[[ STORED DATA, beginning ]]
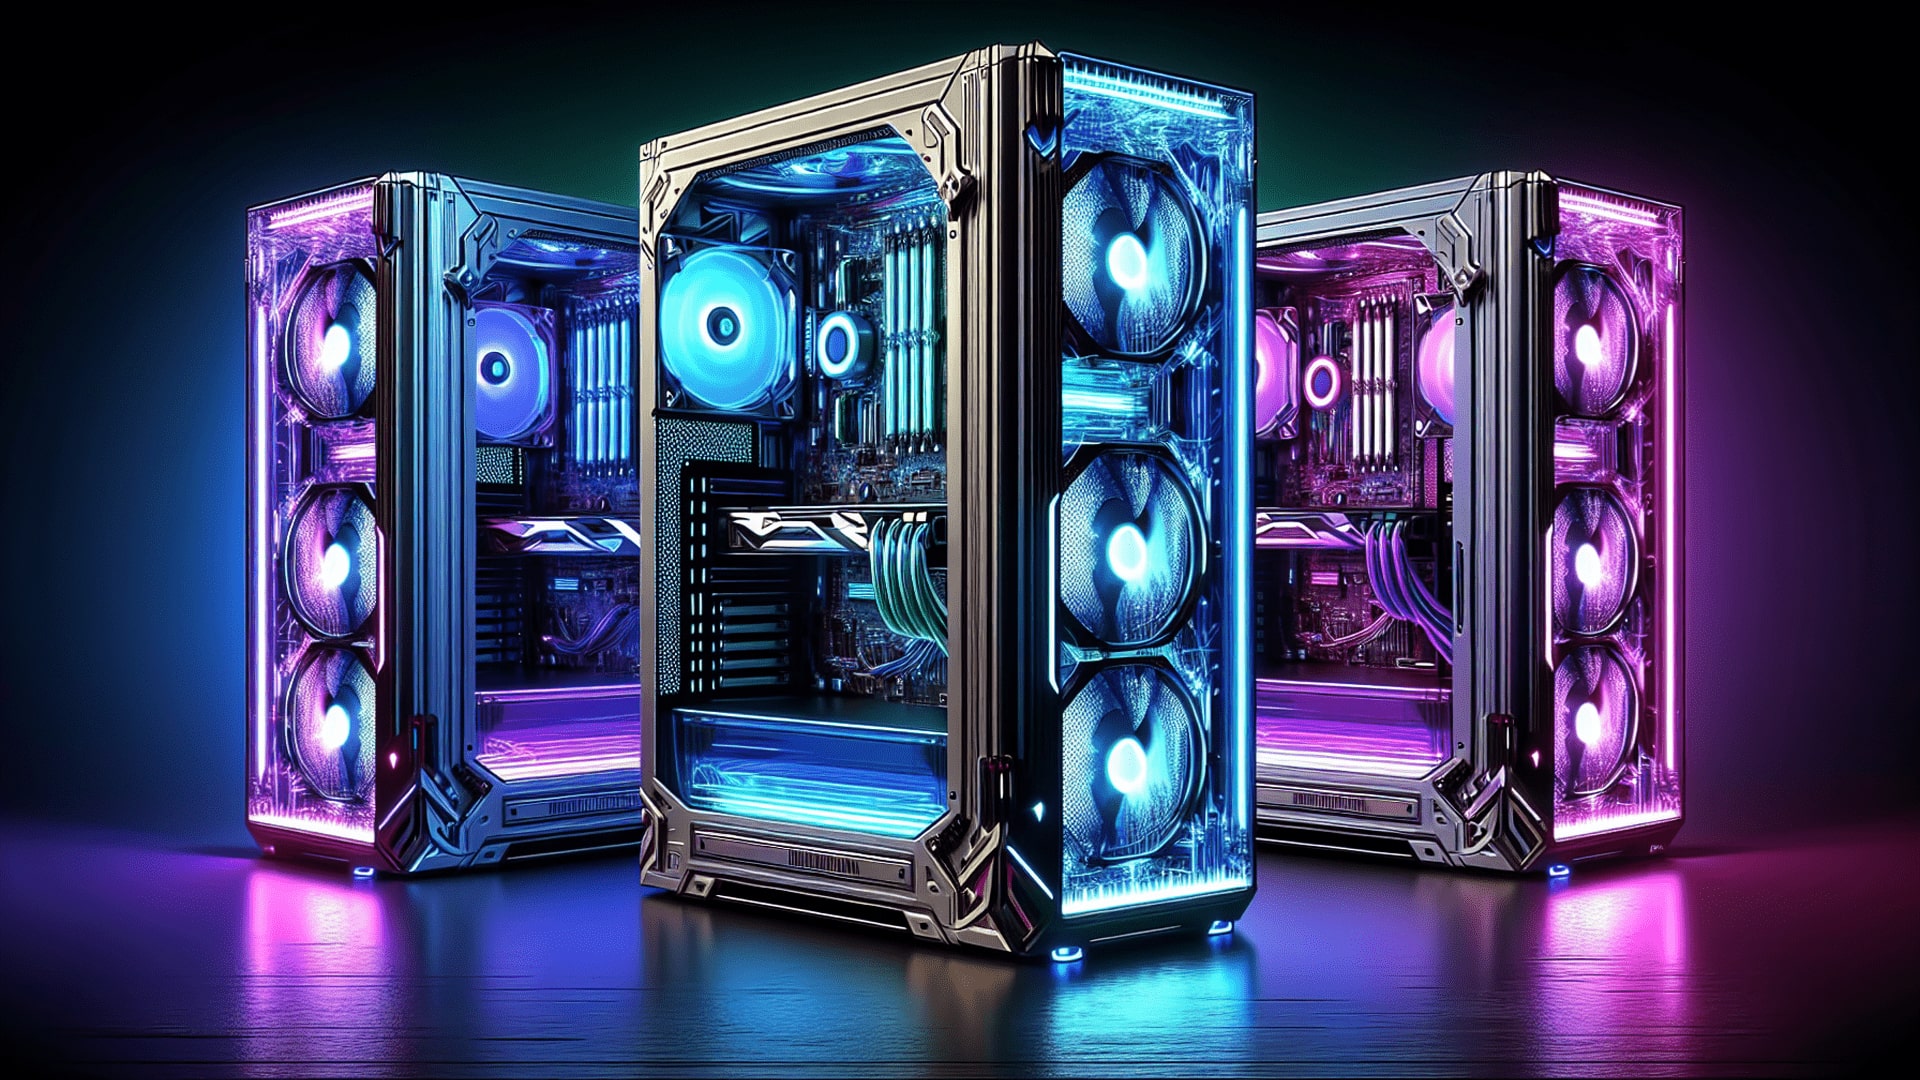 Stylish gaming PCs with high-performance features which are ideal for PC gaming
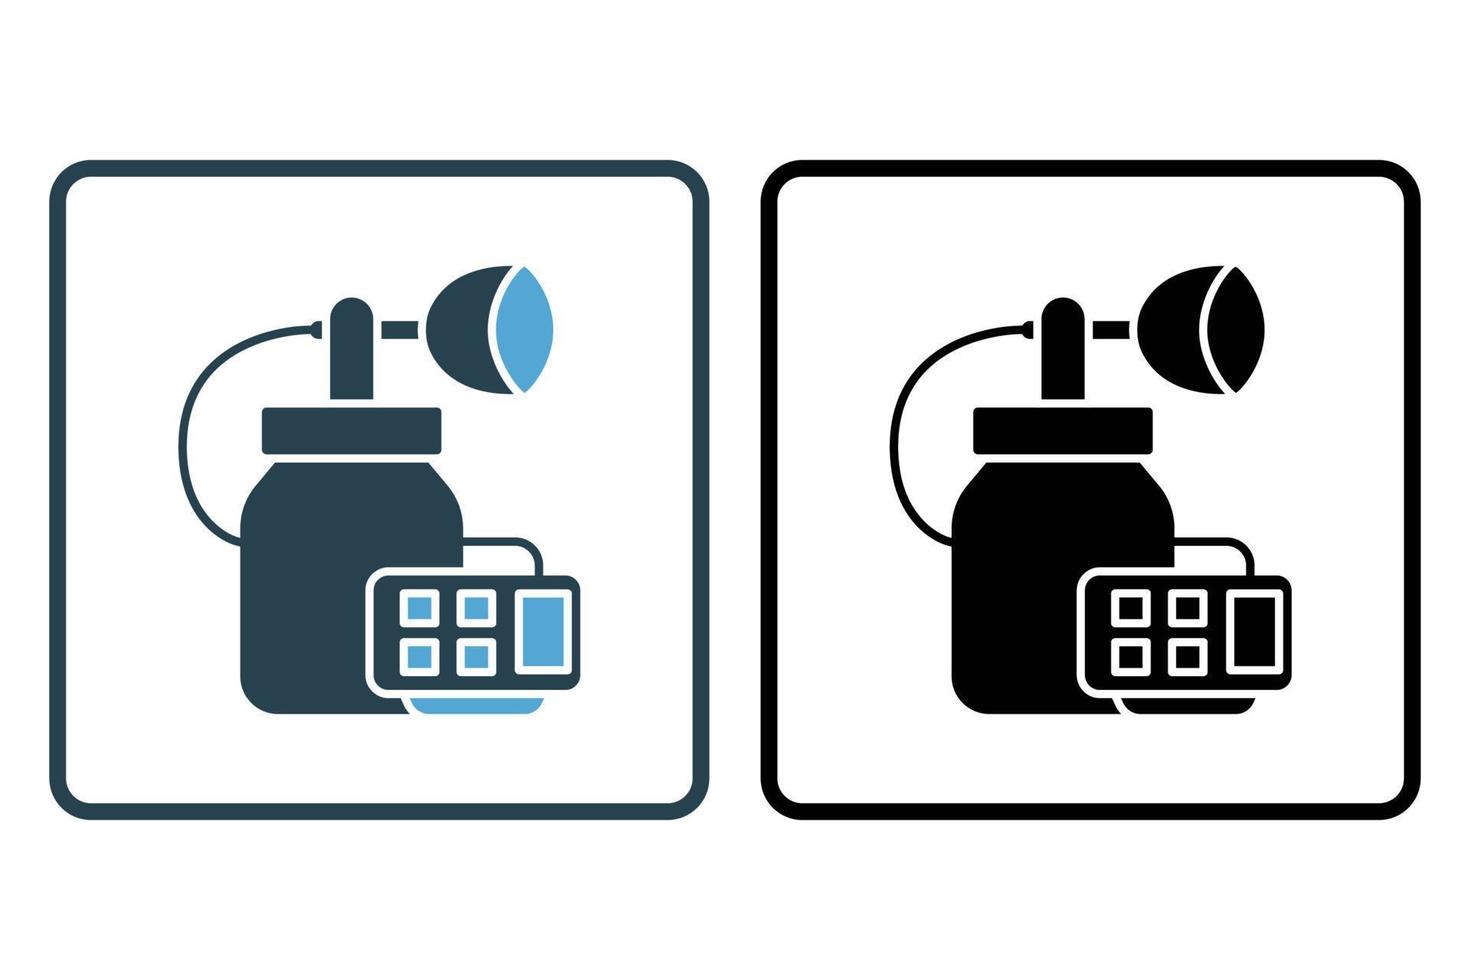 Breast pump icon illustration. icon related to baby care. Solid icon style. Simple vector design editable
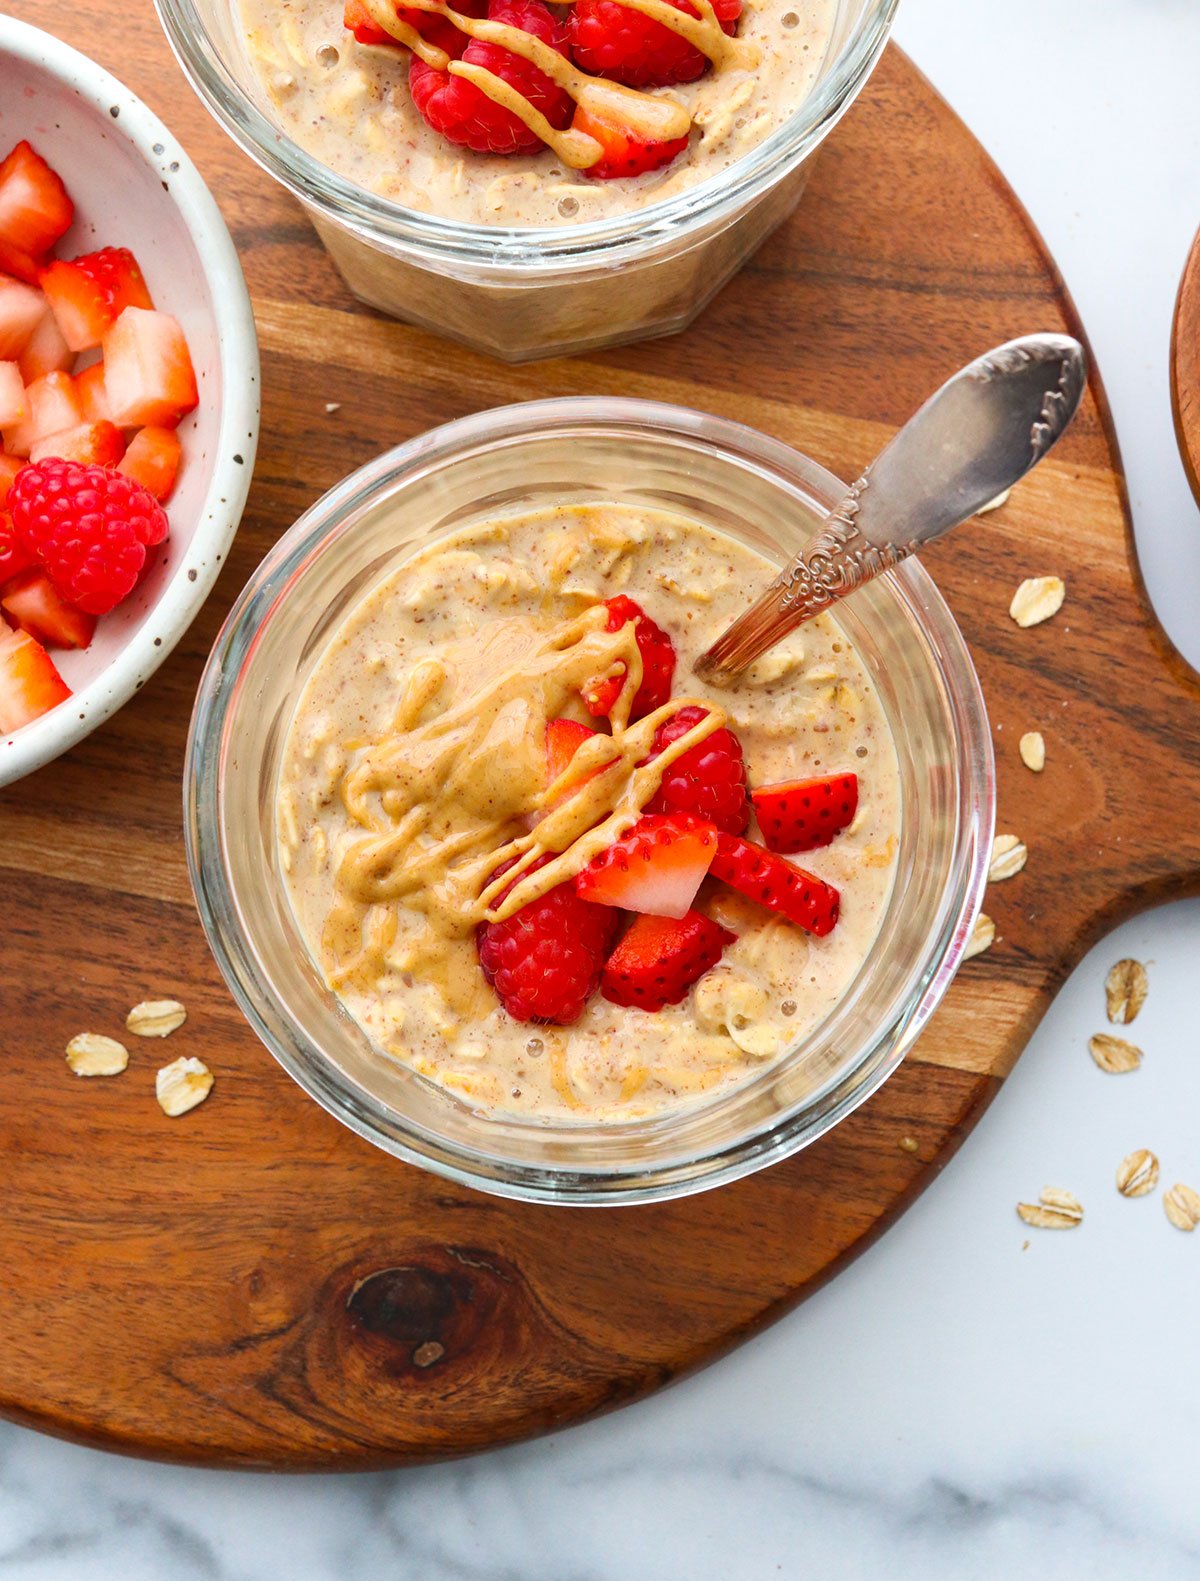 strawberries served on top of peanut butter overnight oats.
[[ STORED DATA, end ]]
Starting at the line that contains "Breast pump icon", extract each line through the last line of the material exactly as written, and include no pictures.

 Breast pump icon illustration. icon related to baby care. Solid icon style. Simple vector design editable
 strawberries served on top of peanut butter overnight oats.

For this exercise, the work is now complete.